Terrà l'incarico per vent'anni, esercitandolo con la stessa generosa disponibilità e la medesima lungimirante visione che ha caratterizzato l'intera sua storia. Scova a Merano Beppe Merlo, un aiuto bagnino che gioca come praticamente nessuno aveva mai fatto prima. Dal lato del rovescio, infatti, tiene la racchetta con due mani mezzo secolo prima che diventasse la norma.
Nel 1957 è lui a chiedere di trasferirsi sotto le Due Torri al fiumano Orlando Sirola, che avrebbe vinto con Nicola Pietrangeli dieci campionati italiani in doppio e il Roland Garros del 1959. Con Merlo e Bonetti, Neri forma una squadra difficile da battere che non a caso nel 1958 trionfa subito in Coppa Brian, il campionato italiano a squadre. E lo farà per tre anni consecutivi. Sarà sempre Neri a convincere i genitori di Paolo Bertolucci a lasciarlo partire da Forte dei Marmi per andare ad allenarsi alla Virtus.
Tra la fine degli anni Cinquanta e l'inizio dei Sessanta, Neri ha esteso la sua sfera d'influenza ad altri sport, e anche al di fuori della Virtus. È presidente provinciale del CONI e consigliere del Bologna calcio. Per la società rossoblù lavora anche come responsabile del settore giovanile e fornisce cinque giocatori alla squadra che ha conquistato l'ultimo storico scudetto del club nel 1964, dopo lo spareggio di Roma contro l'Inter a pochi dalla morte del presidente Renato Dall'Ara. Neri ha di fatto scoperto Furlanis, Tumburus, Pascutti, Capra e Bulgarelli, uno dei più grandi calciatori di sempre nella storia rossoblù.
Il suo occhio da talent scout lo porterà anche a scoprire qualcosa di speciale nel figlio di un tassista romagnolo. Si chiama Eraldo Pecci e giocherà 163 partite con la maglia del Bologna; sarà anche compagno di squadra al Napoli di Diego Maradona. È lui a toccargli il pallone per la famosa punizione a parabola dall'interno dell'area contro la Juventus nel 1985.
Inoltre, nel 1961, è anche commissario straordinario della divisione basket della Virtus che intanto si è associata al marchio Idrolitina per iniziativa della nuova proprietà, la famiglia Gazzoni Frascara che tanto ha dato anche al Bologna calcio.
Figura romantica e per certi versi anacronistica, ha raggiunto il primo accordo con un ministro dell' educazione per diffondere il tennis nelle scuole e fondato i primi centri estivi della Federazione Italiana Tennis.
Il primo l'ha aperto a Pievepelago, dove già esisteva un circolo tennistico con 2 campi ed un piccolo impianto con spogliatoi e docce. Aveva deciso per quella sede, si racconta, dopo aver casualmente scoperto che Pievepelago era la località meno ventosa e meno piovosa d'Italia.
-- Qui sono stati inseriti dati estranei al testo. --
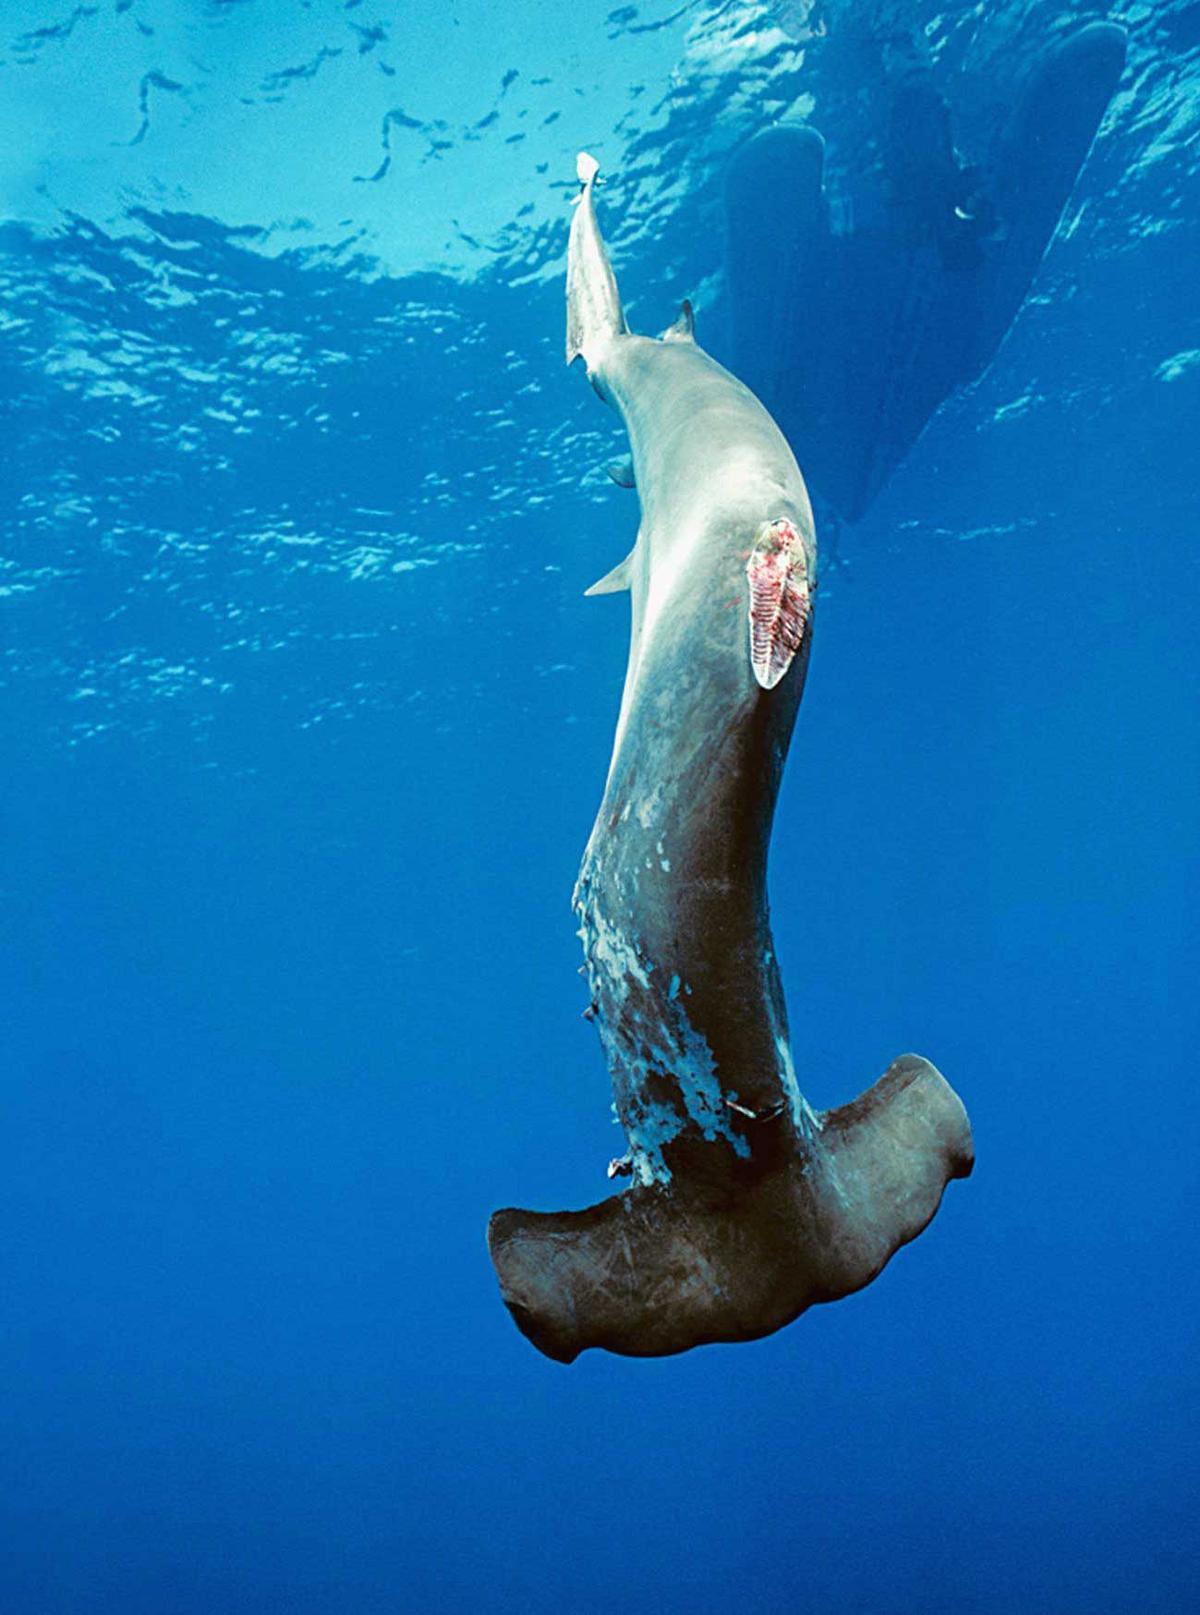 漁民在割下鯊魚魚鰭後,常把鯊魚扔回海裡,任由鯊魚慢慢淹死。(截自WildAid)

Eletto presidente della Federazione Italiana Tennis nel 1972, rimasto in carica fino all'elezione di Paolo Galgani nel 1976, ha avuto un ruolo di facilitatore del boom del tennis in Italia negli anni Settanta. Il vertice di quel movimento era il quartetto formato da Corrado Barazzutti, Paolo Bertolucci, Adriano Panatta e Tonino Zugarelli che hanno raggiunto quattro finali di Coppa Davis in cinque anni. Alla base però c'era la visione illuminata di Neri, convinto che bisognasse portare il tennis ai ragazzi, farlo conoscere a più persone possibile. Così sarebbe stato anche più facile scoprire i futuri campioni.
Era convinto, e aveva ragione, che il tennis è uno sport molto istruttivo per i ragazzi e bisogna fare in modo che tutti abbiano la possibilità di conoscerlo. Così è anche più facile scoprire fra di essi i campioni di casa nostra.